Two practice sessions were also held before the race on June 8, 2012. The first session was 85 minutes long, while the second was 90 minutes. Martin was quickest with a time of 50.173 seconds in the first session, 0.124 faster than Jamie McMurray. Earnhardt Jr. was third quickest, followed by Johnson, Allmendinger, and Ryan Newman. Kahne was seventh, still within half of a second of Martin's time. In the second and final practice, Joey Logano was quickest with a time of 50.139 seconds. Carl Edwards followed in second, ahead of Gordon and Paul Menard. Kyle Busch was fifth quickest, with a time of 50.409 seconds. Kahne, Biffle, Brad Keselowski, Allmendinger, and Marcos Ambrose rounded out the first ten positions. McMurray, who was second quickest in the first session, could only manage 34th. Also in the first practice session, Stephen Leicht struck a groundhog with his car, after Truex Jr. brushed the SAFER barrier attempting to avoid it.

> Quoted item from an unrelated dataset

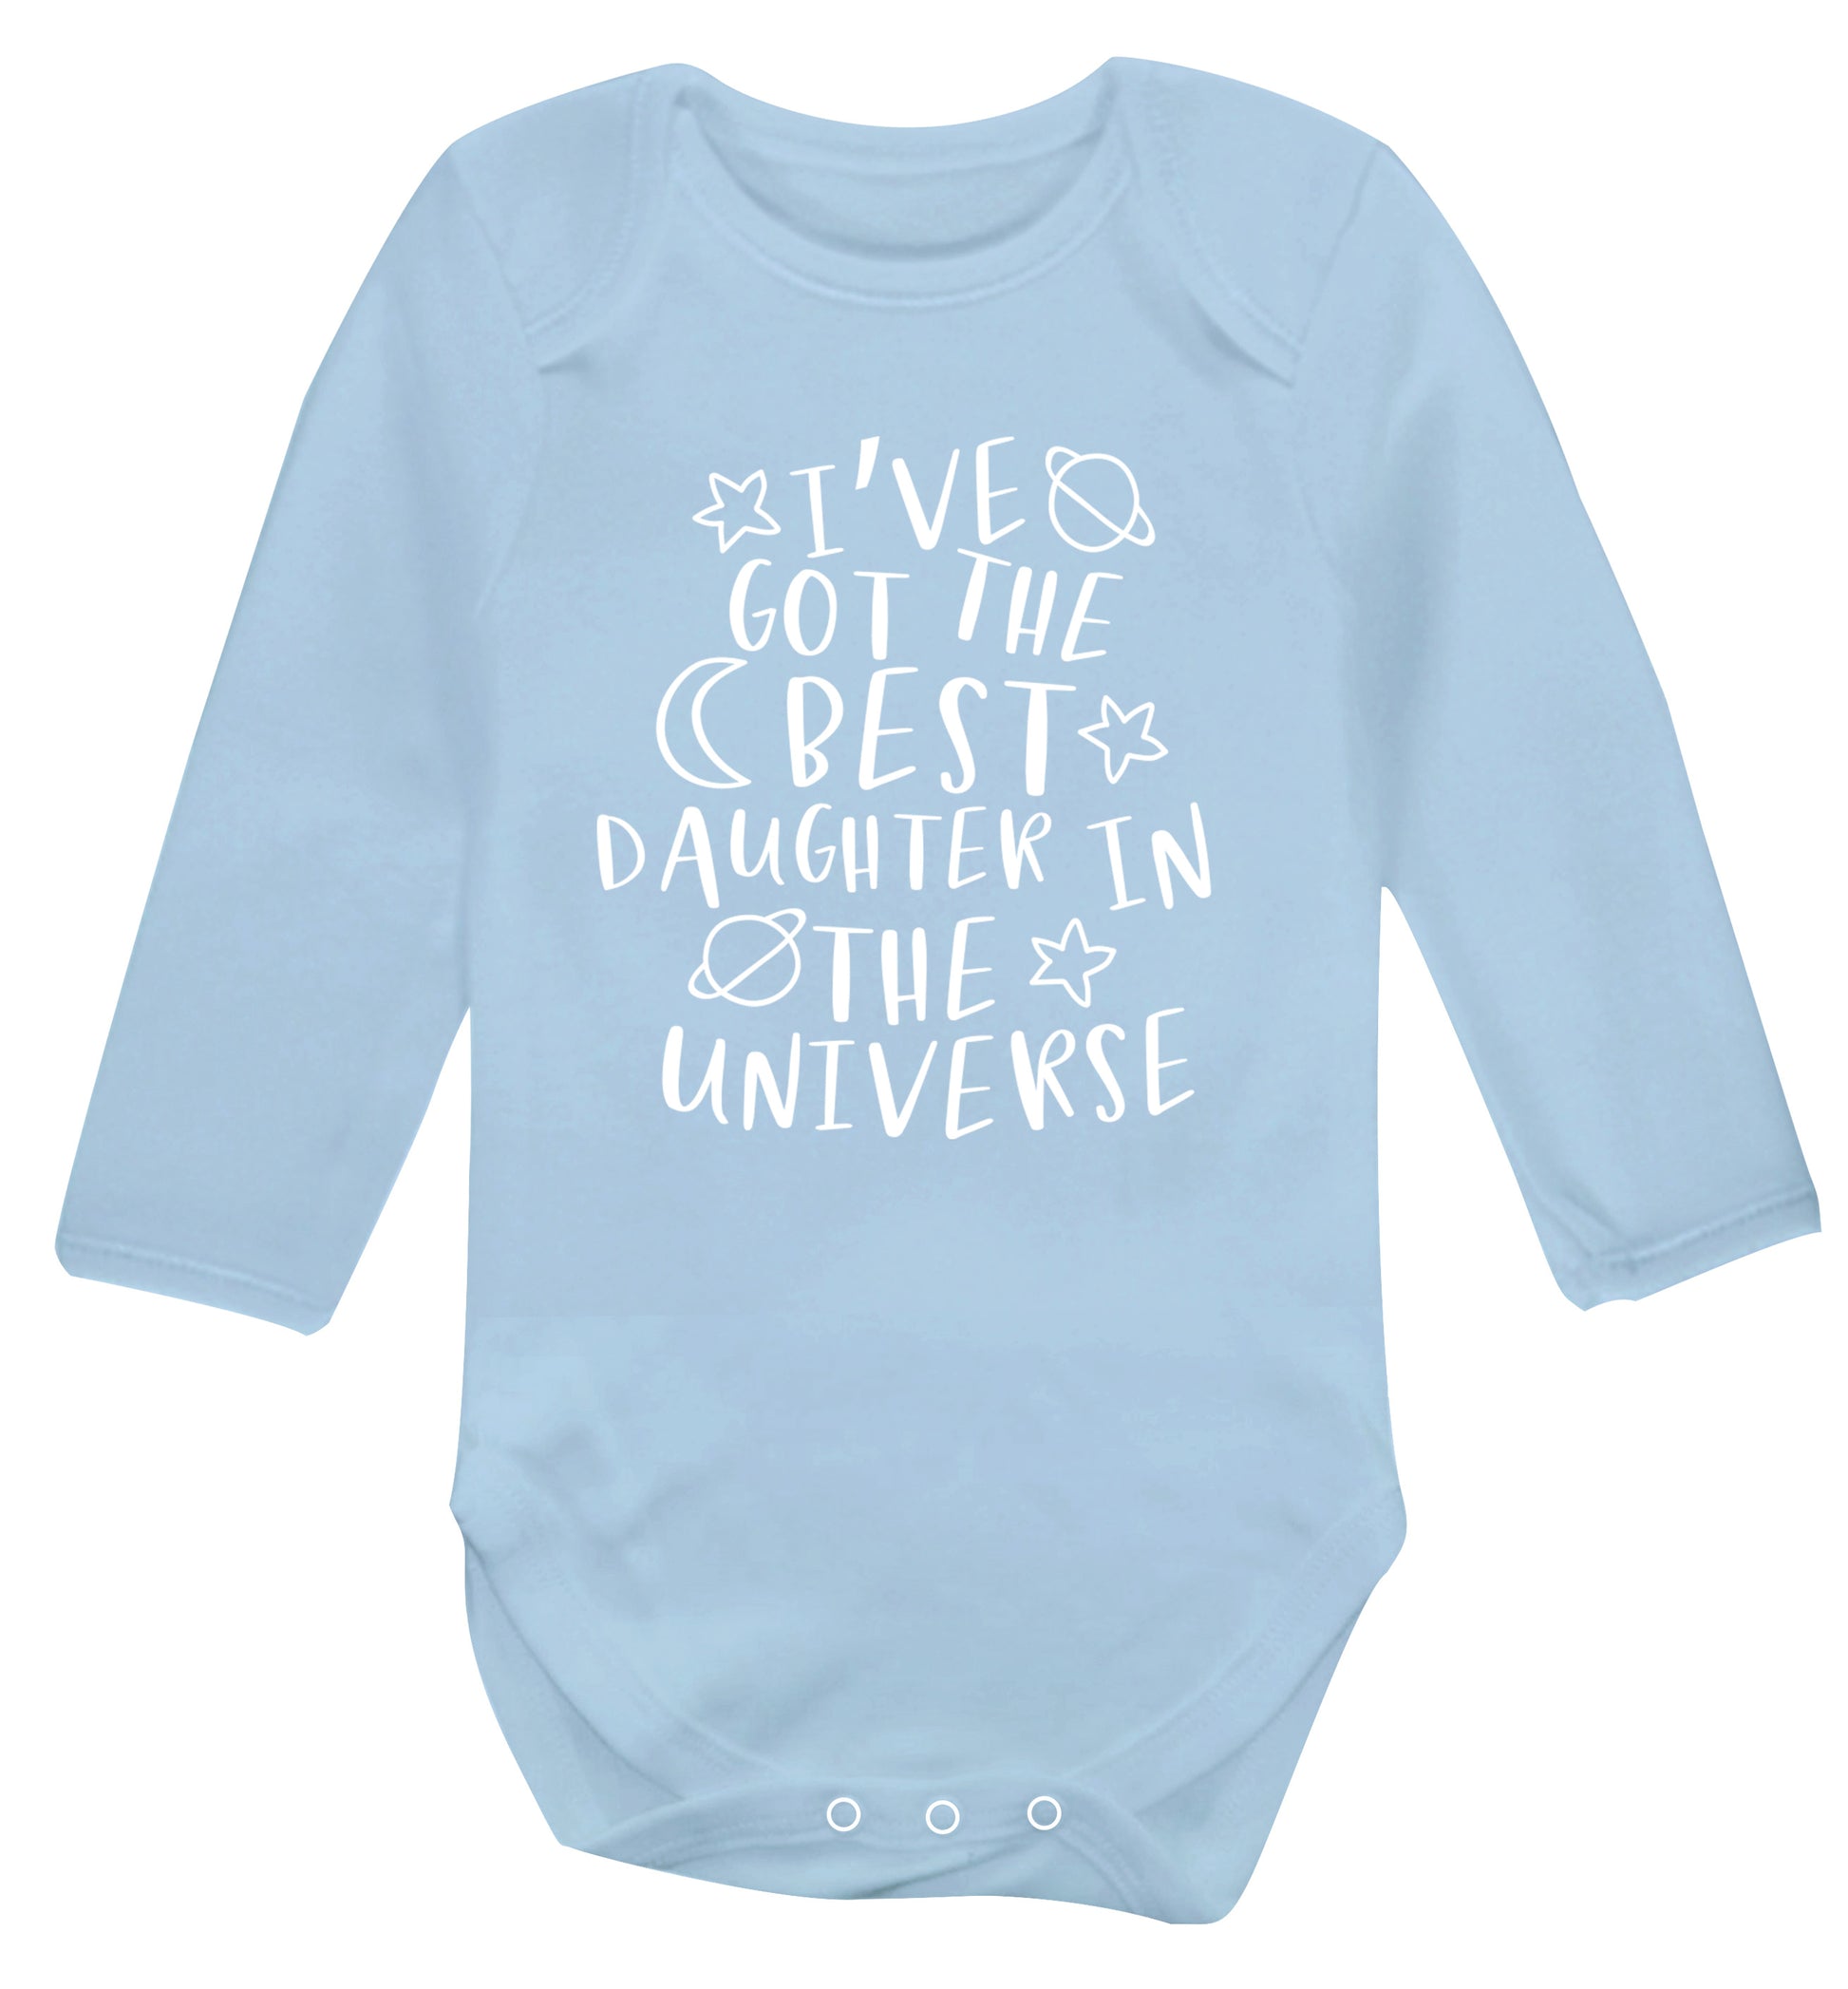 I've got the best daughter in the universe Baby Vest long sleeved pale blue 6-12 months

"I think it's really hard to determine what makes this track faster right now. I don't know if being a little warmer makes it faster. I thought, as we went on and that speedy-dry and the groove got cleaned off, that people would go a lot faster, so it's a surprise to me."
— Carl Edwards said about the oil-dry problem.

Forty-four cars were entered for qualifying on June 9, 2012, but only forty-three could qualify for the race because of NASCAR's qualifying procedure. After having problems with oil-dry in turn one, Logano of Joe Gibbs Racing clinched the fourth pole position of his Sprint Cup Series career, with a time of 50.112 seconds, which beat the old track record. He was joined on the front row of the grid by Edwards. Menard qualified third, Kyle Busch took fourth, and Hamlin started fifth. Martin, Regan Smith, Earnhardt Jr., Ambrose and Kahne rounded out the top ten. The driver that failed to qualify for the race was David Stremme.

Once the qualifying session was completed, Logano stated, "The track was dirty. When I went out there and got to that trouble spot, I got loose a little bit and didn't get to the bottom as well as I wanted to. So I felt like I left a tenth and a half [of a second] or so right there, but I felt like I nailed [Turns] 2 and 3 pretty well. I was hoping it would be in the top five, and it ended up being good enough."

===Race===
The race, the fourteenth in the season, began at 1:20 p.m. EDT and was televised live in the United States on TNT. The conditions on the grid were dry before the race with the air temperature around 84 °F. Mike Kloton, Archdiocese of Scranton, Pennsylvania began pre-race ceremonies, by giving the invocation. Next, Naomi Scott performed the national anthem, and Dr. Rose Mattioli, chairman of Pocono Raceway, gave the command for drivers to start their engines.

At the start of the race, Logano maintained his pole position lead as Hamlin collided into Edwards going into the first turn, causing Edwards' car to rub against the tire. Also on the first lap, the first caution was given after Landon Cassill spun sideways and collided into Truex Jr. in the third turn. Allmendinger was also involved in the accident. During the caution, Edwards pitted to repair damages to his car, as Cassill drove to the garage. On the sixth lap, Logano led Menard on the restart. Two laps later, the three drivers involved in the first caution were forced to pit after being penalized by NASCAR. By the twelfth lap, Logano had extended his lead to two seconds over second placed Menard. Two laps later, J. J. Yeley, Tony Raines and Reed Sorenson crashed into the wall, prompting the second caution. During the caution most of the front-runners pitted while Hamlin stayed on-track. Also under the caution, Montoya drove to the garage after having damage to the right side of his car, as Bowyer received a pit road speeding penalty.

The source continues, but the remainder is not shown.